Among the recommendations, the review said the campus Department of Public Safety is understaffed, it needs to hire a victim advocate, it needs to train all its officers on dating violence, and it needs to adopt a lethality assessment already used by many other Utah police departments in intimate partner violence cases.
Watkins said the report about university police “does not offer any reason to believe” that McCluskey’s slaying could have been prevented. “Instead, the report offers weaknesses, identifies issues and provides us with a roadmap for strengthening our security on campus.”
“Overall the tone of the report sort of bent over backwards to be gentle on the university,” said Matt. “But the facts themselves were very damning ... they found an amazing number of failings, and then for them to say, we’re going to implement all these changes, but it wouldn’t have made any difference in preventing Lauren’s murder? It’s a very convenient, legal fiction, and blatantly false.”

Jill and Matt say their goal is to do Lauren’s memory justice by demanding accountability for her murder. That's why they say they are considering a lawsuit against the University of Utah.
“I am very determined not to profit personally,” Matt said. "It kind of boils down to honoring Lauren's memory and improving things for the future."
We want individuals to be held accountable and an admission of responsibility. – Jill McCluskey
University of Utah police declined an interview with the Deseret News.
Salt Lake City Police Chief Mike Brown did speak with the Deseret News about Lauren’s death.
In an interview with the Deseret News, when asked if he believed SLCPD was responsible in any way for Lauren’s murder, Chief Brown said: “That is a very difficult question. I’m sitting here trying to think, because I know that is the question that Jill and Matthew want to know: who is responsible for the death of their daughter?” he said.

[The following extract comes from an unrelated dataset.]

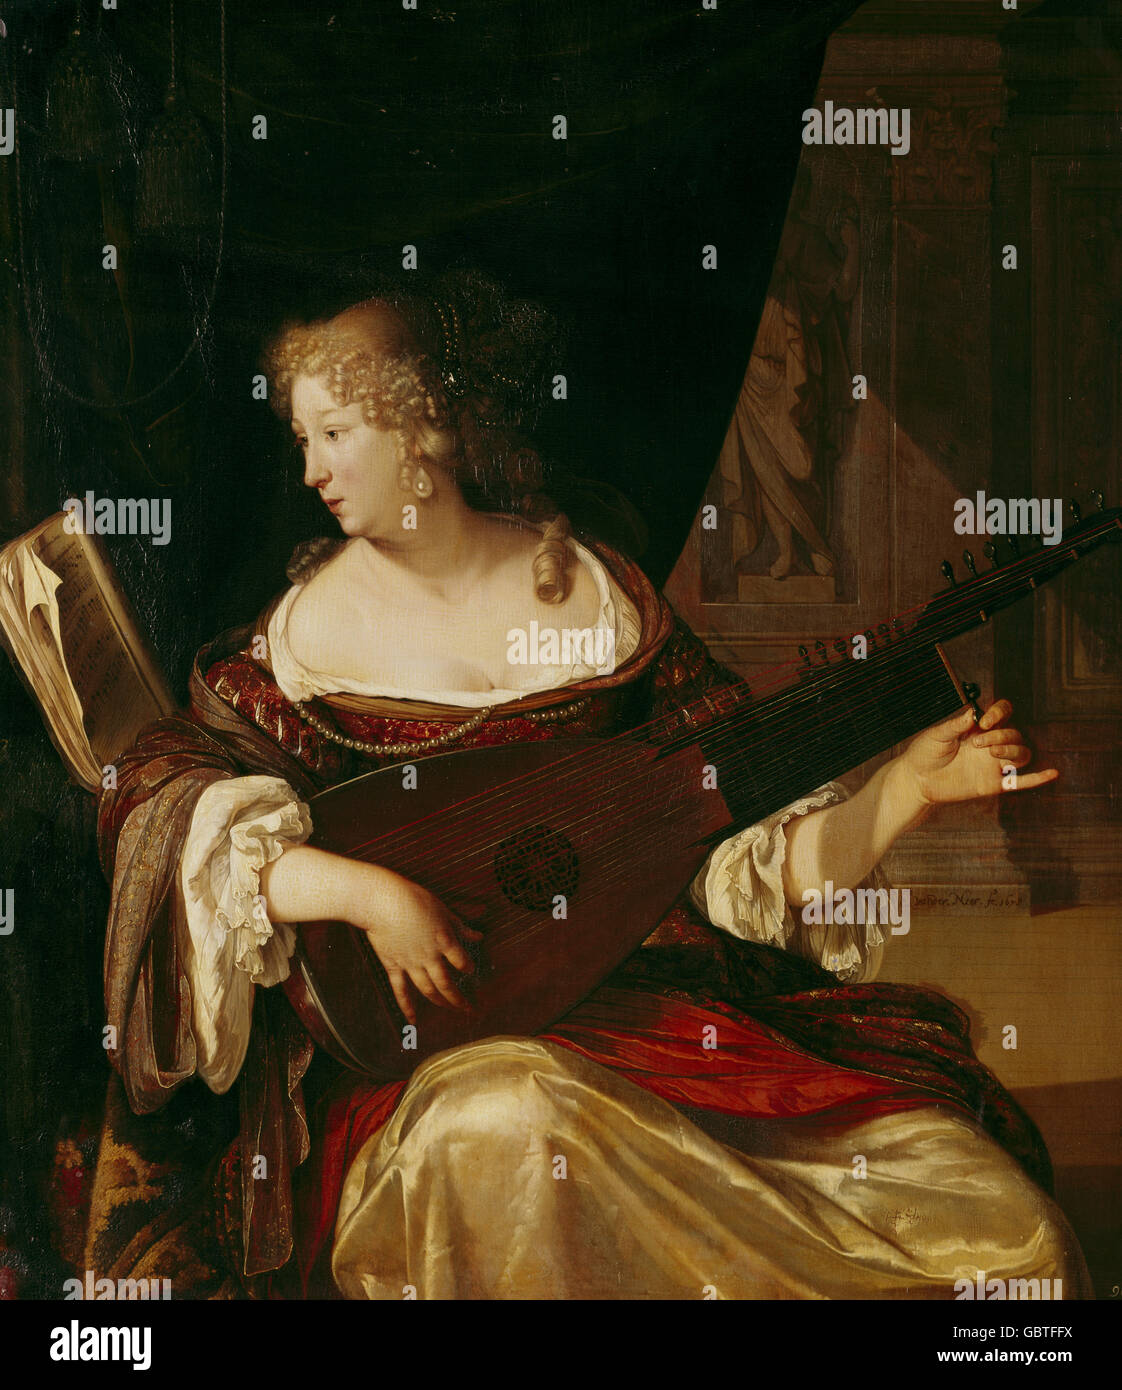 Kunst, Neer, Églon Hendrick van der (1634 - 1703), peinture, luth 'Femme' tuning, huile sur panneau, 1678, Alte Pinakothek, Munich, Banque D'Images

“I don’t think it’s fair for me to comment on their investigation and what occurred up there,” he said. “But what is fair to say is that we all have to do better. We’ve got to look at ways that we can protect those we have the responsibility to protect ... because in the end, none of us ever want to see a tragedy like this occur again.”

Mother's Day
The day before Mother’s Day in Pullman, Washington, six months after her daughter’s death, Jill McCluskey sits at her kitchen table, reading a card Lauren made for her when she was 11 years old.
“You are a great friend, a great coach, a great person, and a great mother. Thank you for always being there for me and supporting me through all my life. I love you, Happy Mother’s Day,” it reads. The words are written in large cursive letters, surrounded by small hearts. Lauren made one for Jill every year.

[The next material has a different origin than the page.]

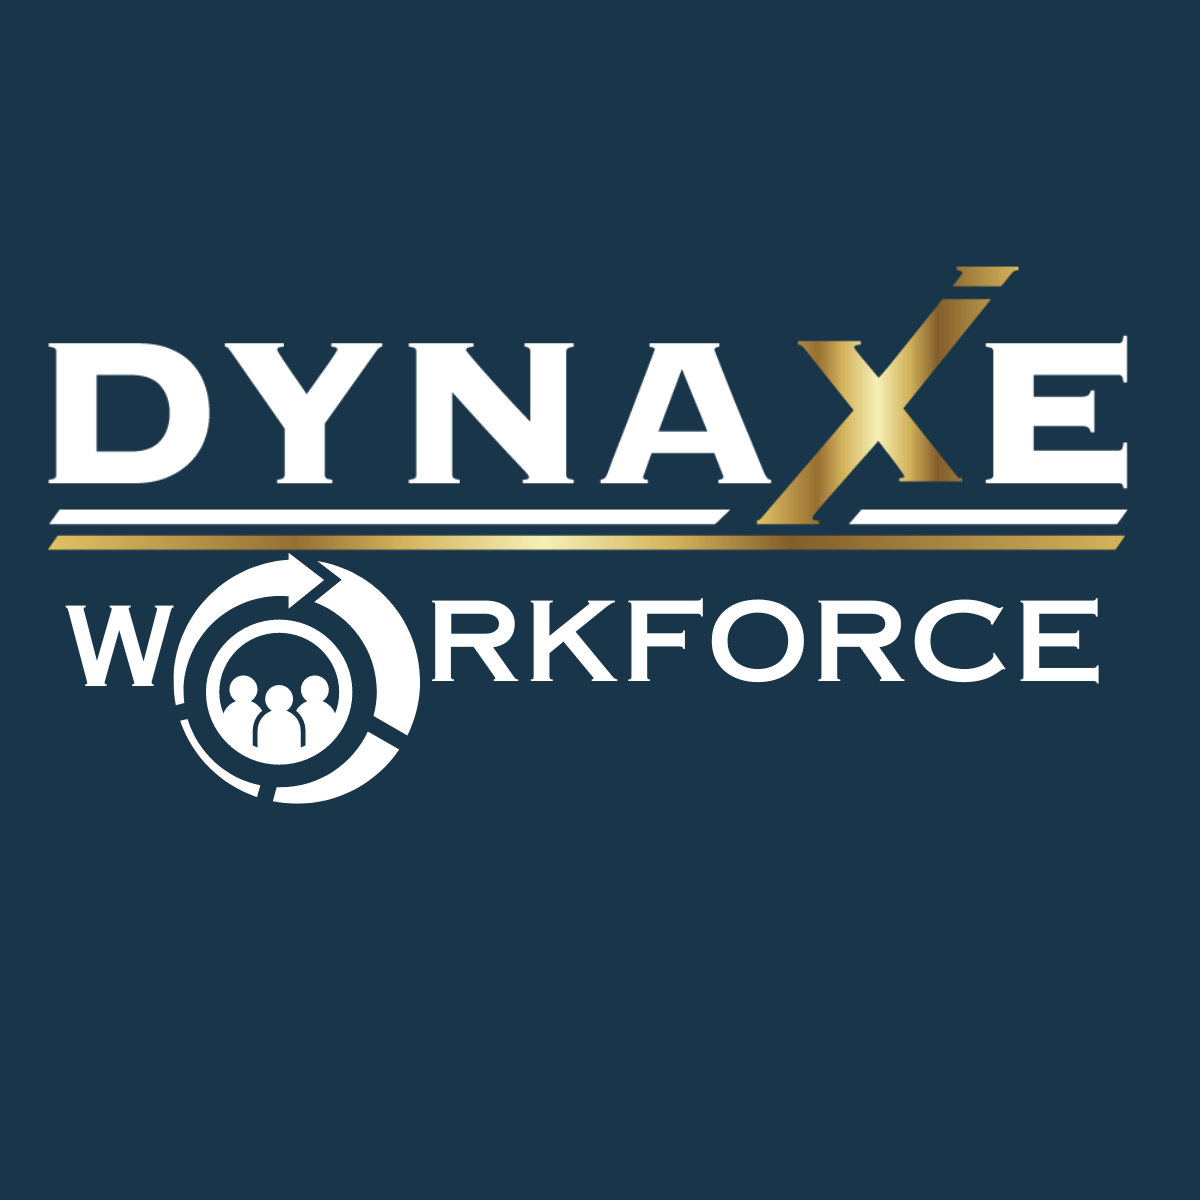 Dynaxe Workforce

That’s one thing Lauren will never have, Jill says wistfully: the chance to be a mom.
Lauren shows up almost nightly in Jill's dreams, except with a different ending: she's not dead, she's merely hiding, she was safe all along. When she wakes up, the grief hits her all over again.
Tomorrow will be just as painful as today, she knows, but Jill has no choice but to face it, the way she will every day for the rest of her life.
“I think I miss her every day,” she says. “So I don’t know that Mother's Day is much different.”